People: A leader initiates toward people to establish collaborative relationships that allow for the same leadership initiative to develop in the other. The character of the relationship is marked by honesty, respect and trust. This is the fundamental basis for communication. The collaborative nature of the relationship develops when both individuals recognize that there is a mutuality or sharedness to their relationship. In other words, when people see that not only do they have common beliefs, values and goals, but that there is a mutual benefit to be realized from the relationship, then the relationship goes to a more significant depth of relating. The ultimate level is when the relationship transcends trust and mutuality, and each individual commits to acting in such a way to honor the other person. Ordinarily, this is what happens when one person memorializes another who has died. The highest level of relationship is when one person willingly sacrifices their own benefit in order to honor or secure the benefit of the other. This type of relationship is rare, and is a mark of the highest character of excellence.

Ideas: A leader initiates toward people using ideas as a tool for not only communicating, but for establishing purpose, focus and a vision for the relationships. Individual and organizational purpose are traditionally found in mission statements or visionary plans. These statements are intended to conceptualize the focus of action. A vision describes the impact of a mission statement.

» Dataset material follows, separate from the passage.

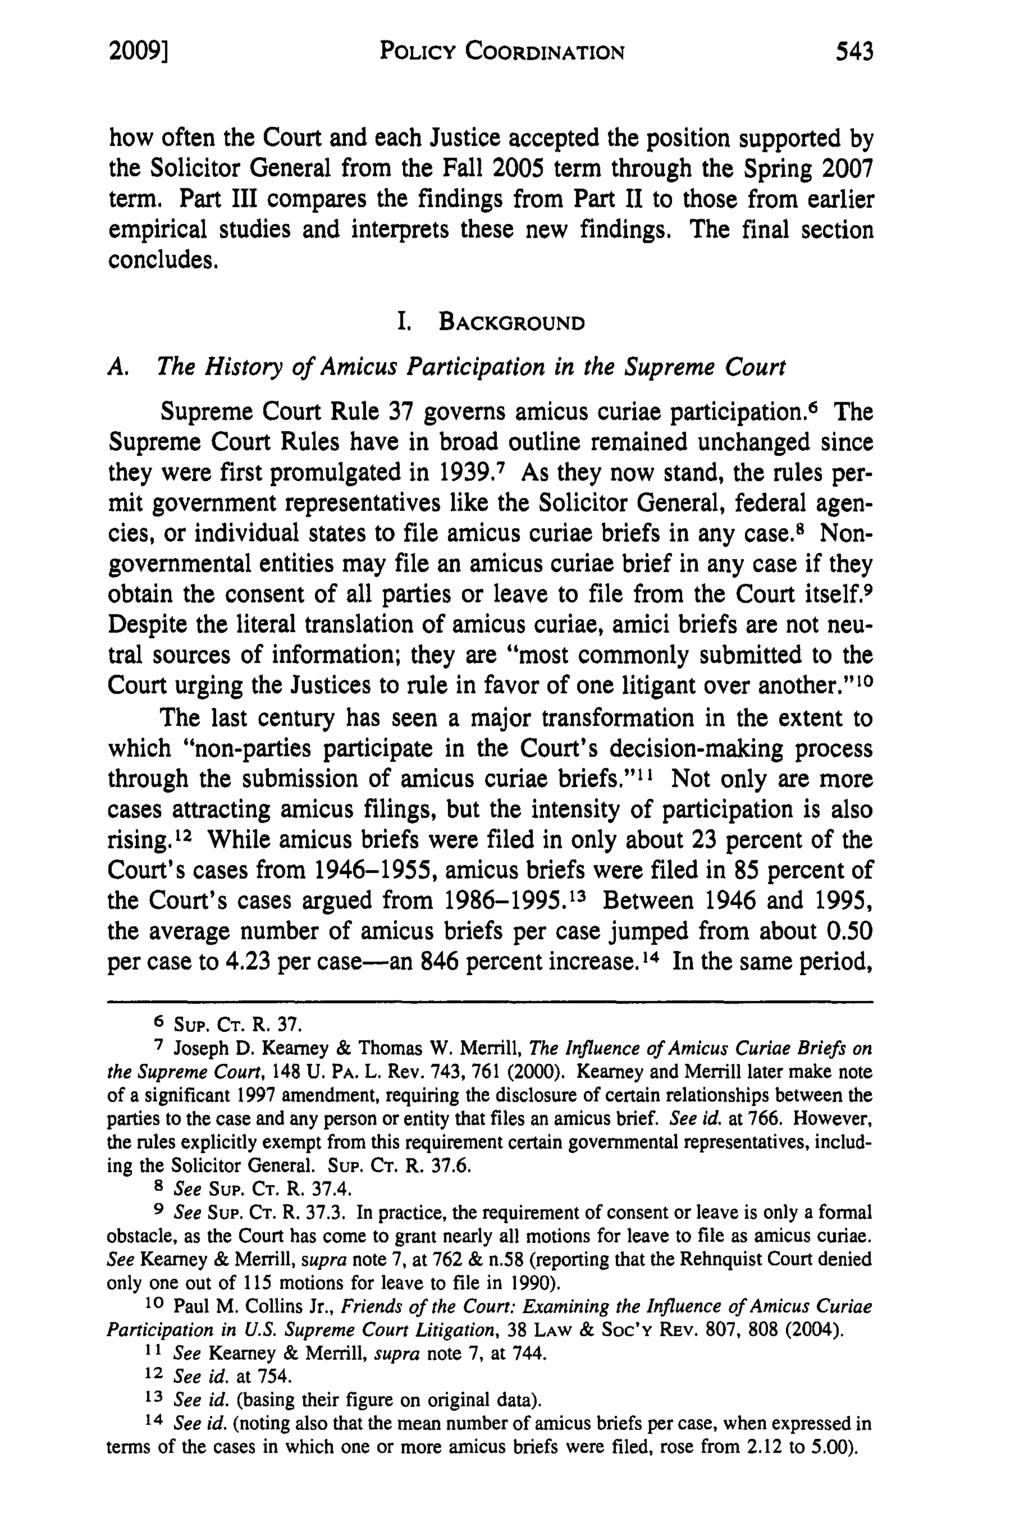 2009] POLICY COORDINATION how often the Court and each Justice accepted the position supported by the Solicitor General from the Fall 2005 term through the Spring 2007 term.

A plan conceptualizes how a vision moves from ideas to action. It is the leader's responsibility to initiate the conversation that establishes a common understanding of what the purpose and goals of the organization are. And it is the leader's responsibility to act as a interpreter of the vision. Ideas without communication are dead, and communication that does not lead to action is self-indulgent. As a result, the initiative that a leader takes is to constantly move from the abstract to the concrete, from the conceptual to the practice, from the idea to action.

Organizational Structure: A leader initiates within an organizational structure or setting. The purpose of this structure is not organizational perpetuation, though sustainability is a by-product. Organizational structures exist as a vehicle for enhancement and fulfillment of the collaborative nature of human relationships. The structure serves the relationships, not the other way around. Whatever the mission or purpose of an organization, the structure exists as a system for translating the talent and commitment of individuals into action that produces a desired outcome. It is the leader's responsibility to initiate the process that formulates a goverance structure, establishes a strategic plan and manages the outcome of the collaborative work of its members.

In essence, the leader is the person who initiates to move forward relationships, vision and the organization of the work that follows.

The focal point of leadership is impact. In other words, leaders focus on creating change so that individual and organizational purpose can be fulfilled. However, if that impact is not clearly understood, then the organization turns in on itself, and exists to perpetual its existence.

Just as the character and competence of the leader determines the quality of the individual in the role, so also the organization. Organizations are a reflection of their people. If they lack the character of excellence, so will the organization. Therefore clearly and compellingly articulating a vision for impact is essential for building the relationships needed to achieve it.

A Company of Leaders, A Community of Leadership
I hope you see that this conception of leadership is much more than the management of processes and resources. At the most basic level, it is the formation of a team of people who do not wait passively to be told what to do. They are a team of quality people who take initiative who do what must be done to acheive excellence as a team and as an organization. In this sense they are a Company of Leaders.

At a more profound level it is the formation of more than a team, more than a company, but a community of people whose relationships serve to provide a stronger motivation to live lives of excellence. It is in this sense that leadership is fulfilled in becoming a Community of Leadership.